Laptopogram, Clickblog intervista Aditya Mandayam

Aditya Mandayam abita a Fabrica, programmatore, matematico e prima ha lavorato anche come lucidatore di bare.

Sta diventando molto famoso in rete grazie ali suoi Laptopogram. In pratica realizza delle stampe fotografiche partendo da foto mostrate sullo schermo del proprio computer. Abbiamo avuto l'opportunità di fargli un'intervista che vi proponiamo in esclusiva (nel seguito del post un aggiornamento esteso, in inglese).

Come ti è venuto in mente l'idea del laptopogram?
Sono molto pigro ed ero sdraiato al sole quando mi è venuta quest'idea.

Puoi spiegarci come funziona il sistema?
La carta fotografica è sensibile ad ogni tipo di luce. Il tempo ed il tipo di luce che colpisce la carta determina il tipo di immagine.

Un laptopogram si realizza tenendo la carta fotografica contro il monitor ed accendendo lo schermo per qualche secondo. Dopo si sviluppa la stampa nella maniera classica.

Ovviamente non è necessario un portatile. Potete usare una televisione o, per esempio, un iPhone.
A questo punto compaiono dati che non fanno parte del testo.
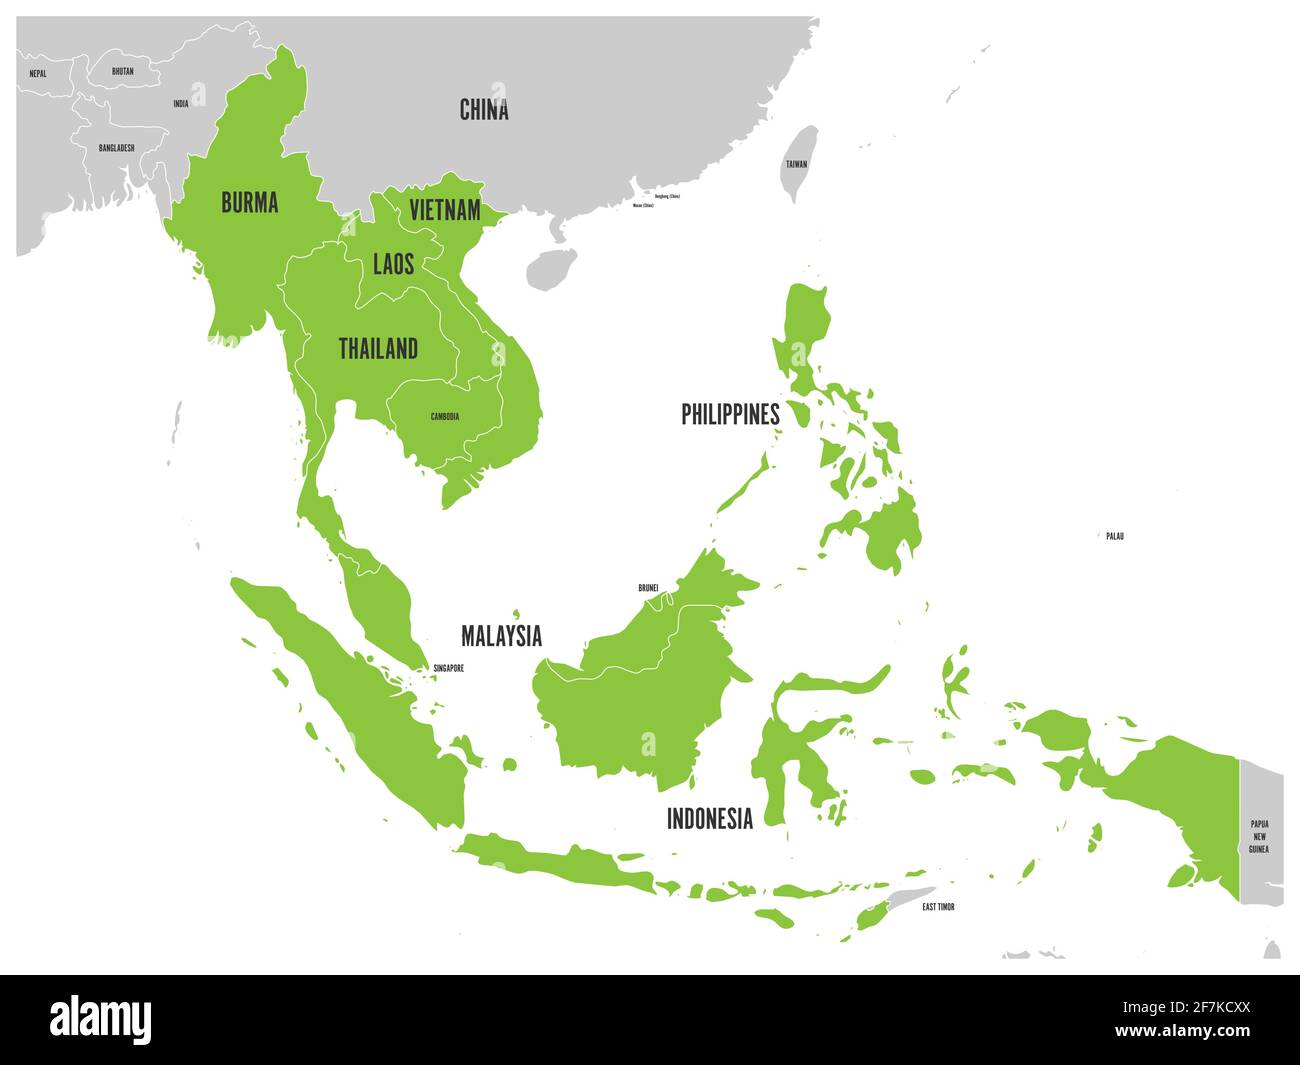 Comunità economica ASEAN, AEC, mappa. Mappa grigia con i paesi membri evidenziati in verde, Sud-est asiatico. Illustrazione vettoriale Illustrazione Vettoriale

Qualsiasi tipo di schermo.






Quali sono i vantaggi di un laptopogram?
Questa tecnica permette di fare velocemente delle stampe a partire da qualsiasi immagine digitale: foto, grafica o persino filmati.

Inoltre il tempo per realizzare una stampa è poco.

E viene bene.

Come provare a realizzare un laptopogram in casa (regolazioni monitor, tempi di esposizione, ecc..)?
Il minimo che vi serve sono i reagenti chimici, la carta fotografica ed una stanza buia.

Tutto il resto è variabile.

Ha usato una padella del mio forno per lo sviluppo, una lampadina rossa della mia bicicletta per vedere al buio ed a volte utilizzo il caffè per fare stampe.

Quali consigli daresti per chi ha voglia di provare a realizzare un laptopogram?
Arachide + coriandolo = good.

Come prevedi di migliorare la tecnica del laptogram?
Con la pratica.

Qual è la tua storia come fotografo?
Mi ricordo di aver fatto una foto quando avevo 8 o 9 anni. Ero in sala di fronte e mia mamma sedeva davanti al camino. Questo foto è probabilmente dello stesso periodo. Ho ritrovato il negativo un po' rovinato due anni fa quando sono tornato a casa.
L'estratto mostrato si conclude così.